An ear, nose and throat (ENT) doctor misdiagnosed me with an extremely rare condition called tracheomalacia – so for two weeks I believed I would spend the rest of my life wheeling around an oxygen tank. Another ENT told me that, in fact, I had a tumour in my windpipe. Then there were the biopsies, CT scans and lung X-rays, all done in different clinics across Prague, where I live, and navigated in my broken Czech.
This is not unusual. What I have is so rare most people are initially misdiagnosed. Indeed, it’s a credit to the excellent professionals in the Czech healthcare system that I was diagnosed within months, and not years or even decades like so many others.
Finally, I got an appointment with this ENT consultant, one of the best in the country. But the earliest he could see me was in three months, and all the while my breathing, my exhaustion, got worse. For the hour a day I was able to be out of bed, I prioritised bringing whatever energy and joy I could to my son. Then I retreated to bed to write when I could. If I did not move at all, then I could stay awake and work for 40-minute stretches at a time.
My childhood, which could be summarised politely as poor and traumatic, has given me extraordinary gifts in resilience, but this final blow, the idea this might be my life, and my son’s and husband’s life, too, was almost too much to bear. We had been through an immigration, a pandemic pregnancy and the beautiful-brutal first parenting year and, although my husband is as kind as anyone could wish for – the strain on our relationship was becoming overwhelming. One night, I said it would be better if I wasn’t here at all, and that same night, in desperation, I emailed the consultant, begging him to see me earlier so I could “be at full strength to care for my child”.
Back in the consulting room, it isn’t a surprise to hear that my condition, idiopathic subglottic stenosis, could have killed me. I have been dimly aware of, and ignoring, that close-to-death feeling for months now. But hearing him say it is validating. I am suddenly calm. It’s not in my hands any more. Here I am with a doctor, and this doctor will not let me die. Indeed, he might even make me better.
He has to go to his next surgery before he can schedule the emergency surgery. He walks me down to wait in the cafe – a busy hub of young medical students, patients in towelling dressing gowns and tired-looking visitors. He comes back with my medical notes, a small square picture of my murderous windpipe and instructions to come on Monday, the earliest they can get me into an operating room.

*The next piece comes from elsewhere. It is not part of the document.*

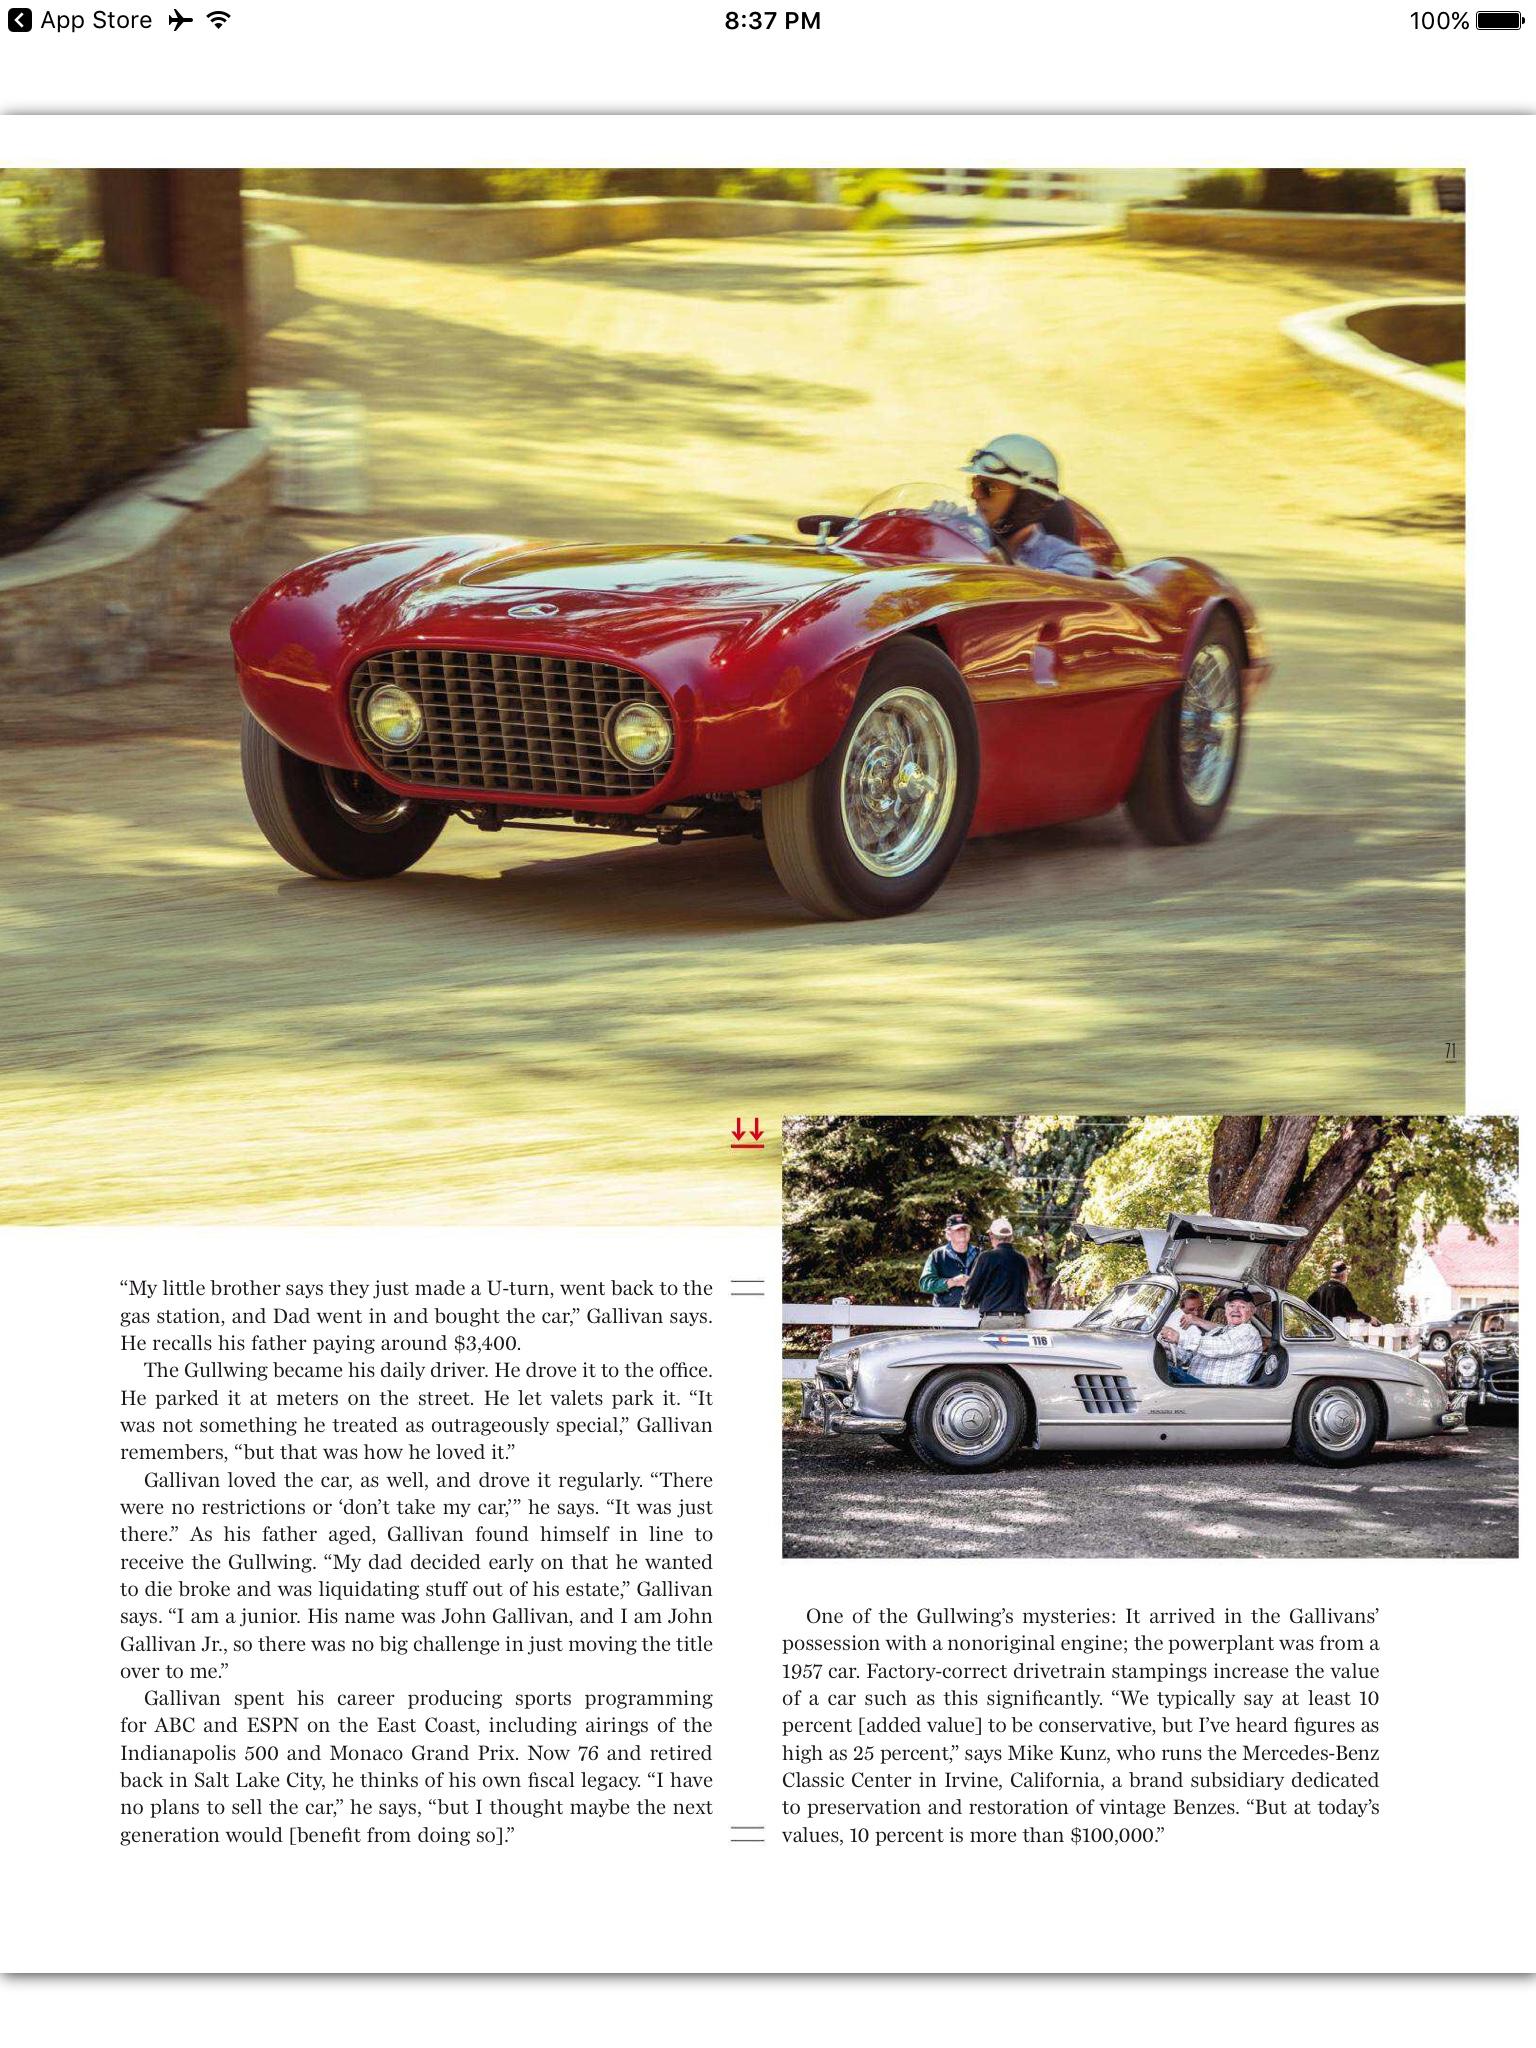 My First Story for Automobile – Brett Berk

“Thank you. Thank you so much.”
I call my husband from the taxi. His absolute unconditional love has been astounding in the face of what our life might have been like. I realise, ironically, my broken body has helped to mend the stress fractures threatening our relationship. Or his response to it has. He sounds relieved. He sounds scared. He tells me to hurry home. He and our baby miss me very much.